[PATCH v2 0/2] arm64: livepatch: Enable livepatch without sframe

[PATCH v2 0/2] arm64: livepatch: Enable livepatch without sframe

[Song Liu]

There are recent efforts to enable livepatch for arm64, with sframe [1] or
without sframe [2]. This set tries to enable livepatch without sframe. Some
of the code, however, are from [1].

Although the sframe implementation is more promising in longer term, it
suffers from the following issues:

  1. sframe is not yet supported in llvm;
  2. There is still bug in binutil [3], so that we cannot yet use sframe
     with gcc;
  3. sframe unwinder hasn't been fully verified in the kernel.

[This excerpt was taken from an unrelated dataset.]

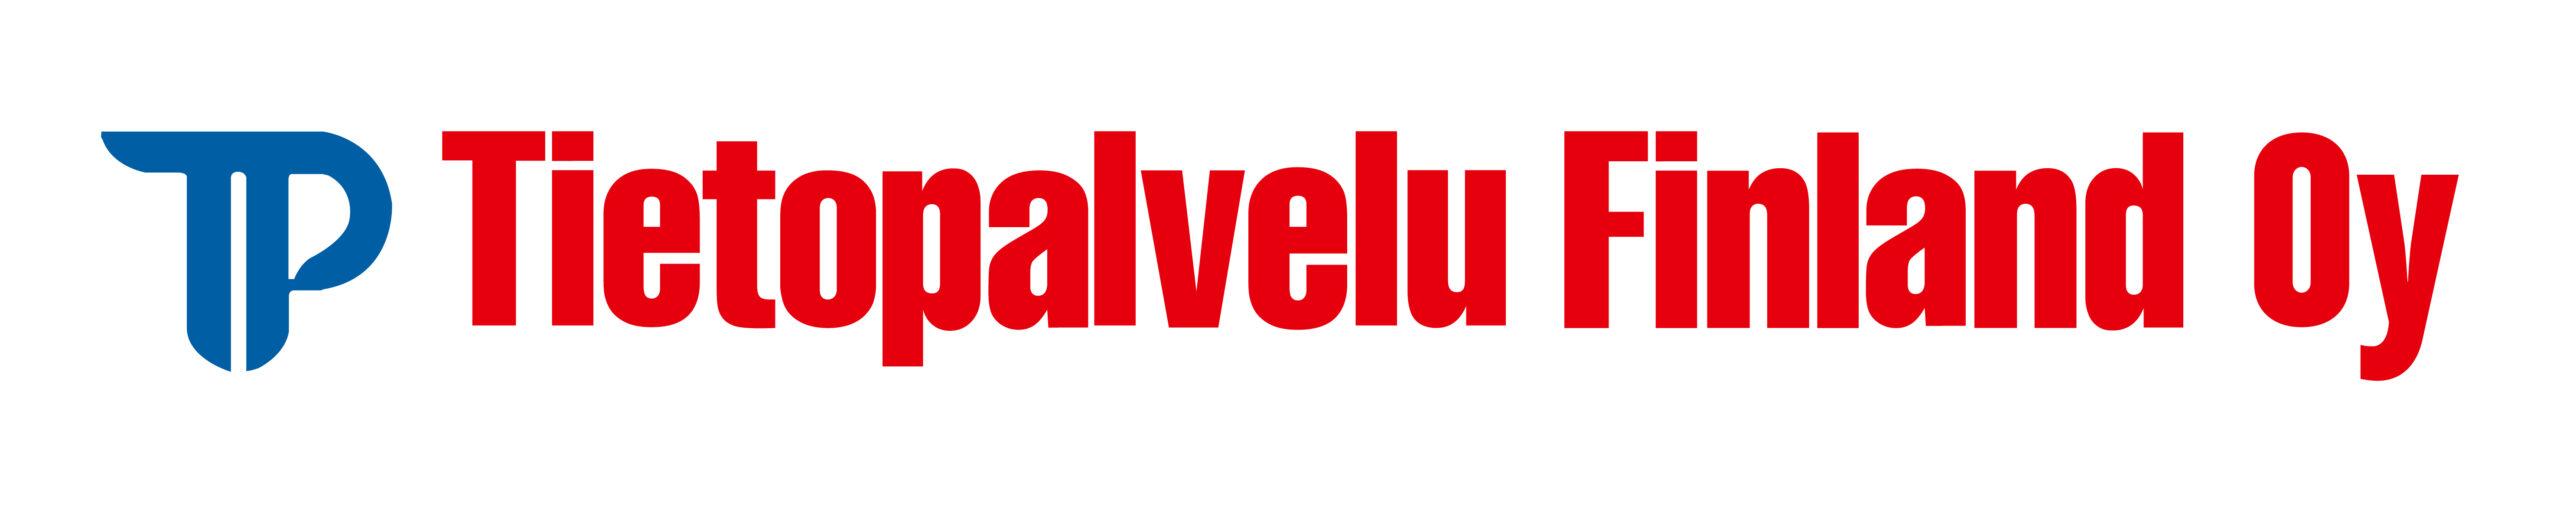 Tietopalvelu Finland Oy logo
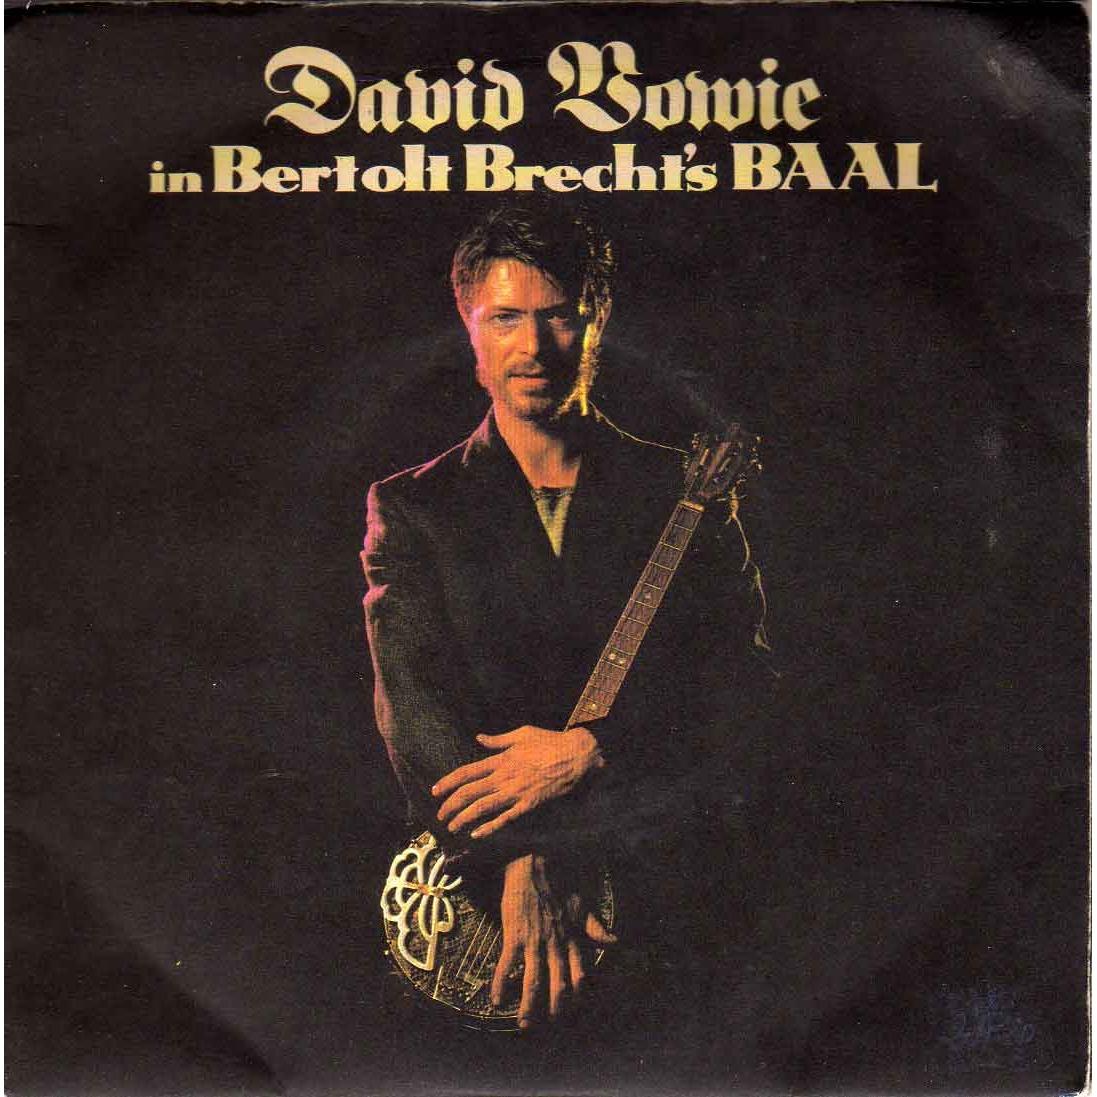 Clássicos e Achados: David Bowie – in Bertolt Brecht's Ball [1982]

On the other hand, arm64 processors have become more and more important in
the data center world. Therefore, it is getting critical to support
livepatching of arm64 kernels.

With recent change in arm64 unwinder [4], it is possible to reliably
livepatch arm64 kernels without sframe. This is because we do not need
arch_stack_walk_reliable() to get reliable stack trace in all scenarios.
Instead, we only need arch_stack_walk_reliable() to detect when the
stack trace is not reliable, then the livepatch logic can retry the patch
transition at a later time.

Given the increasing need of livepatching, and relatively long time before
sframe is fully ready (for both gcc and clang), we would like to enable
livepatch without sframe.

Thanks!

[1] https://lore.kernel.org/live-patching/20250127213310.2496133-1-wnliu@google.com/
[2] https://lore.kernel.org/live-patching/20250129232936.1795412-1-song@kernel.org/
[3] https://sourceware.org/bugzilla/show_bug.cgi?id=32589
[4] https://lore.kernel.org/linux-arm-kernel/20241017092538.1859841-1-mark.rutland@arm.com/

Changes v1 => v2:

1. Rework arch_stack_walk_reliable().

v1: https://lore.kernel.org/live-patching/20250308012742.3208215-1-song@kernel.org/

Song Liu (2):
  arm64: Implement arch_stack_walk_reliable
  arm64: Implement HAVE_LIVEPATCH

 arch/arm64/Kconfig                   |  3 ++
 arch/arm64/include/asm/thread_info.h |  4 +-
 arch/arm64/kernel/entry-common.c     |  4 ++
 arch/arm64/kernel/stacktrace.c       | 70 +++++++++++++++++++++-------
 4 files changed, 64 insertions(+), 17 deletions(-)

--
2.47.1

[PATCH v2 1/2] arm64: Implement arch_stack_walk_reliable

[Song Liu]

With proper exception boundary detection, it is possible to implment
arch_stack_walk_reliable without sframe.

Note that, arch_stack_walk_reliable does not guarantee getting reliable
stack in all scenarios. Instead, it can reliably detect when the stack
trace is not reliable, which is enough to provide reliable livepatching.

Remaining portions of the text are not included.